Real-Time Quantitative Reverse Transcriptase Polymerase Chain Reaction Analysis
The validity of the microarray results was tested via quantitative real-time PCR (qRT-PCR) employing the StepOne Plus qPCR machine (Applied Biosystems, Life Technologies, Carlsbad, California, USA). For validation we selected seven genes [NEXN (Hs00332124_m1), GCC2 (Hs00206083_m1), ROCK 1 (Hs01127699_m1), ROCK2 (Hs00178154_m1), DNM1 (Hs00247147_m1), KTN1 (Hs00192160_m1), and C12ORF39 (Hs00228976_m1)] which showed a fold change (FC) > 0.5 in the microarray. GAPDH (Hs99999905_m1) and β-actin (4326315E) were selected as reference genes for normalization. cDNA of the samples was used for quantification. TaqMan Gene expression Assay primers, probes and gene expression master mix (all Applied Biosystems, Life Technologies, Carlsbad, CA, USA) were used to run the qRT-PCR according to manufacturer's instructions. Mean plate efficiencies were calculated by LinReg.
qPCR Data Analysis
All samples were performed in triplicates and averaged for further calculations. Mean normalized expression (MNE) based on the ratio between Ct-values of target and reference genes and the efficiency of the PCR reactions, was calculated as a measure of target gene transcription, as described previously (Muller et al., 2002; Helmestam et al., 2012). Data are presented as log2 MNE to illustrate the difference between the groups.
Clinical characteristics of women in the microarray study and the validation study were compared by means of One-Way ANOVA, followed by a Bonferroni post hoc test when appropriate. Differences in expression between subsets in the validation study (qPCR) were calculated using a univariate ANOVA with age, BMI, parity, and week of delivery as covariates. Data were analyzed using the SPSS 20.0 software. Level of significance was set at P < 0.05. Data are presented as mean ± S.E.M.

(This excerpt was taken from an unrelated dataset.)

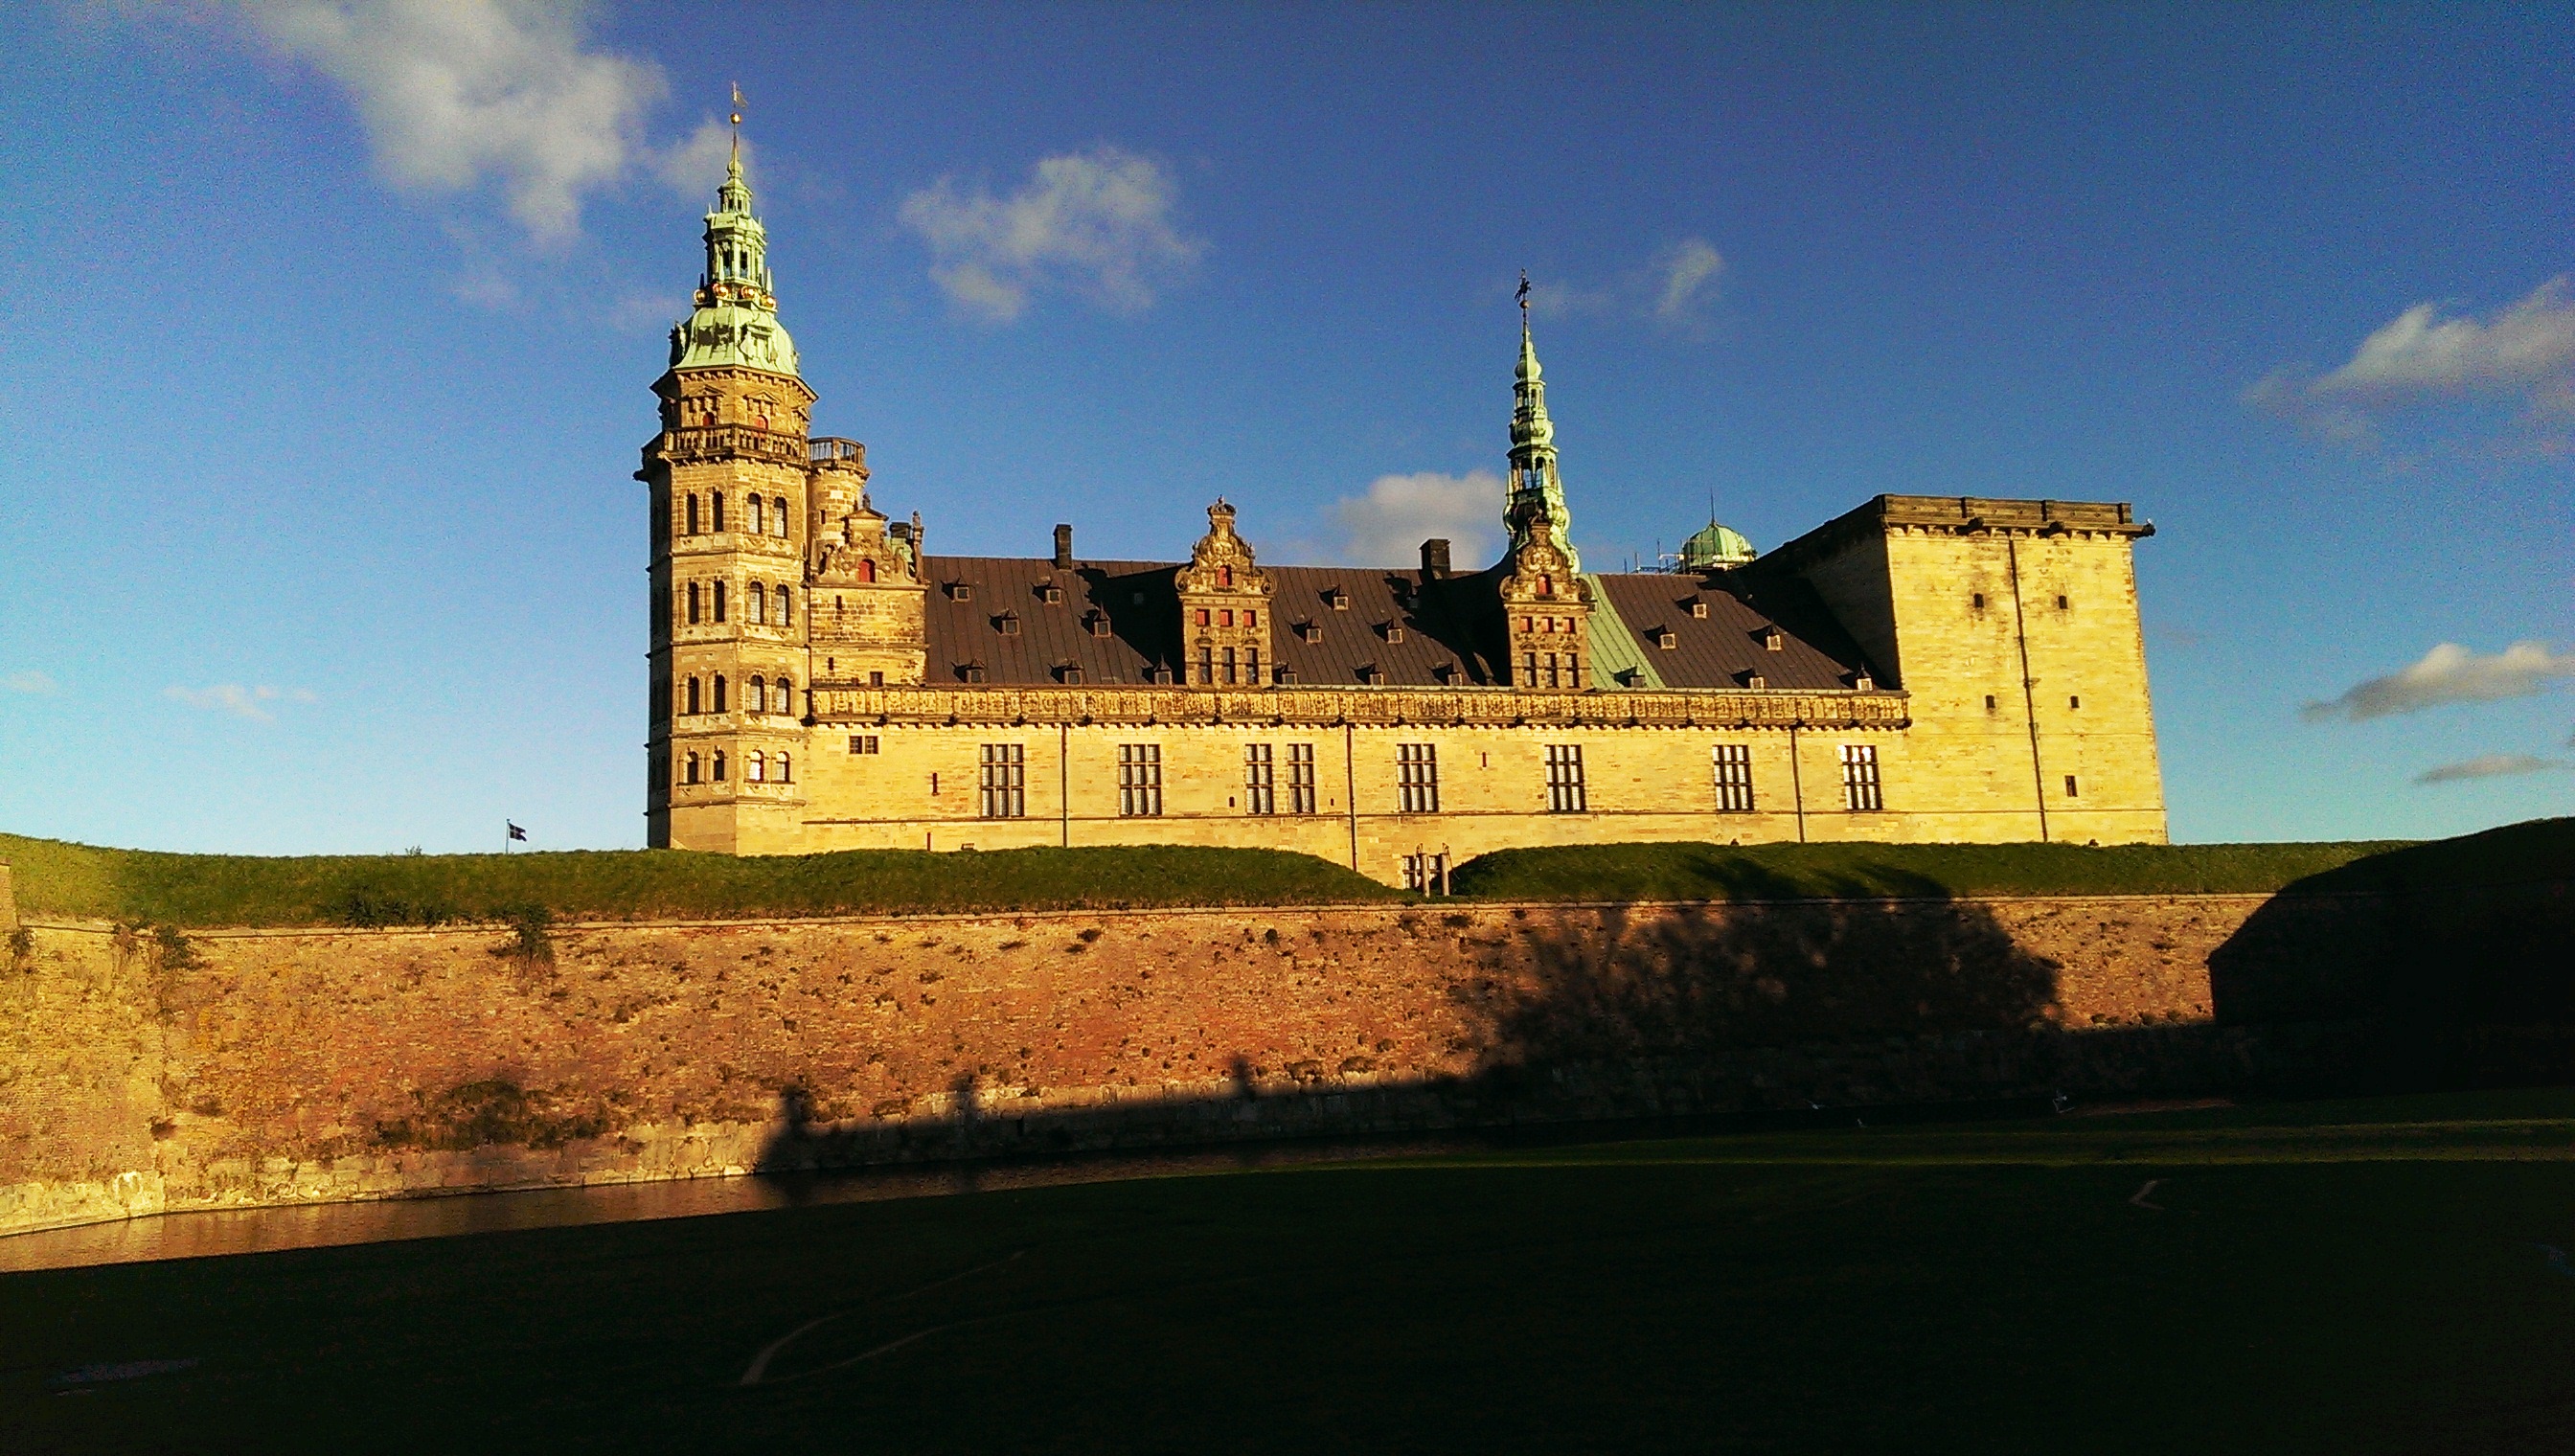 Kronborg – vizitează castelul lui Hamlet
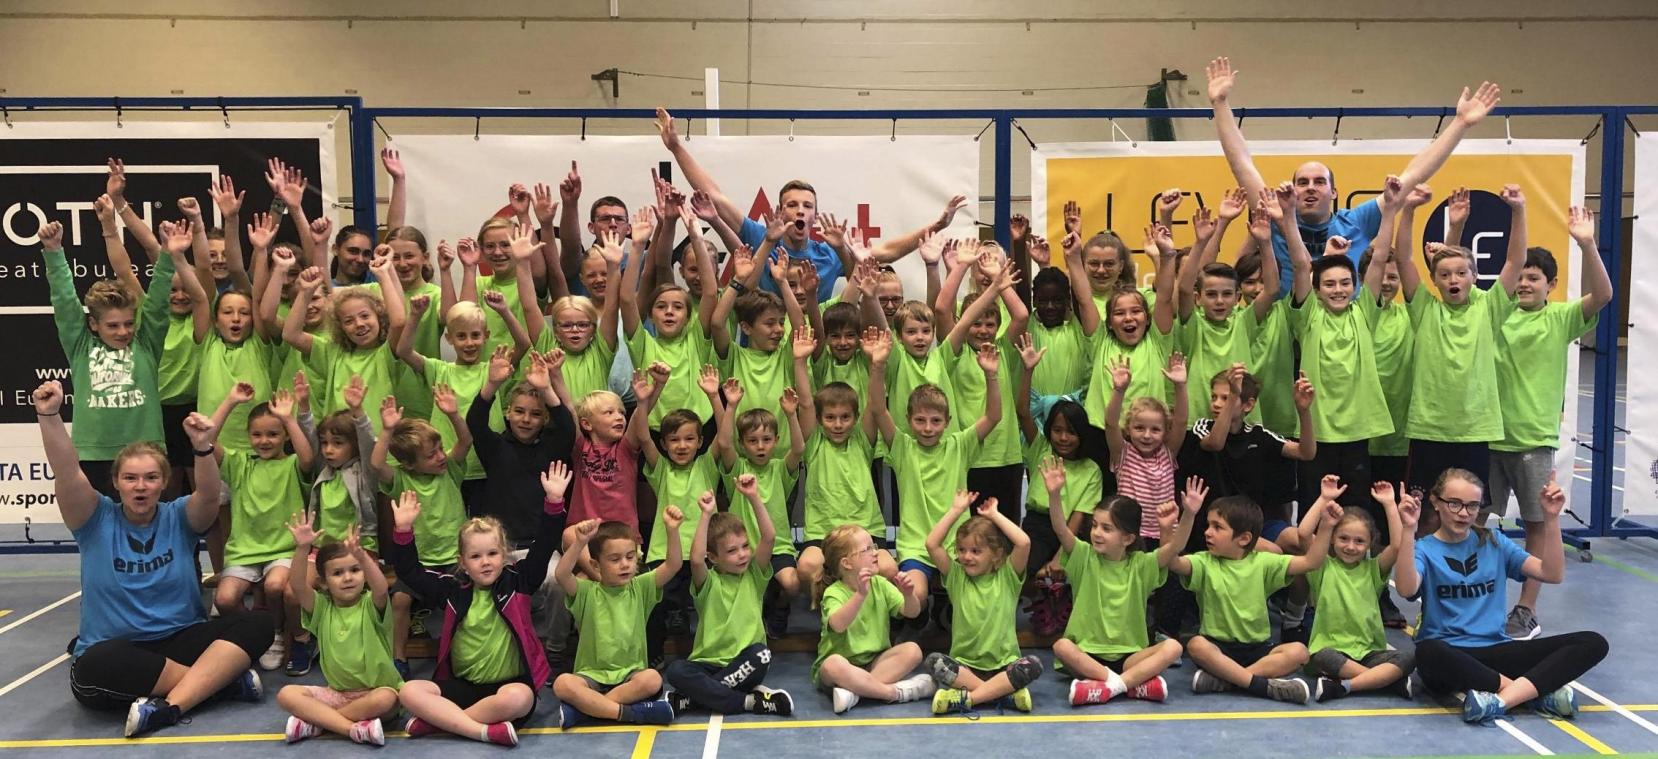 <p>Erfolgreiches 13. Volleyball-Jugendcamp von Sporta-Eupen Kettenis</p>

The demographic characteristics of the women in the microarray and validation studies are presented in Tables 1, 2. Microarray study: A significant group difference was found for EPDS scores at gestational week 17 [F(3, 18) = 8.9, P < 0.01] and gestational week 32 [F(3, 17) = 22.8, P < 0.001]. Depressed women had significantly higher EPDS scores in gestational week 17 and 32 compared with controls (P < 0.01), whereas women on SSRIs did not differ from controls at any time-point. In gestational week 32, depressed women also had significantly higher EPDS scores than SSRI-treated women, Table 1. Validation study: All women on SSRI treatment reported previous anxiety and/or depression at the first antenatal booking, whereas 41% of depressed cases had no previous psychiatric history. Women using antidepressants had a significantly shorter gestational length than controls (P < 0.01). As expected, significant group differences were found in EPDS scores at gestational weeks 17 [F(2, 74) = 69.6, P < 0.001] and 32 [F(2, 74) = 74.3, P < 0.001]. In gestational week 17 and 32, depressed women had significantly higher EPDS scores than antidepressant-treated women (P < 0.001 and P < 0.001, respectively), whom in turn had higher EPDS scores than controls (P < 0.001 and P < 0.001, respectively), Table 2. No other parameters differed between groups.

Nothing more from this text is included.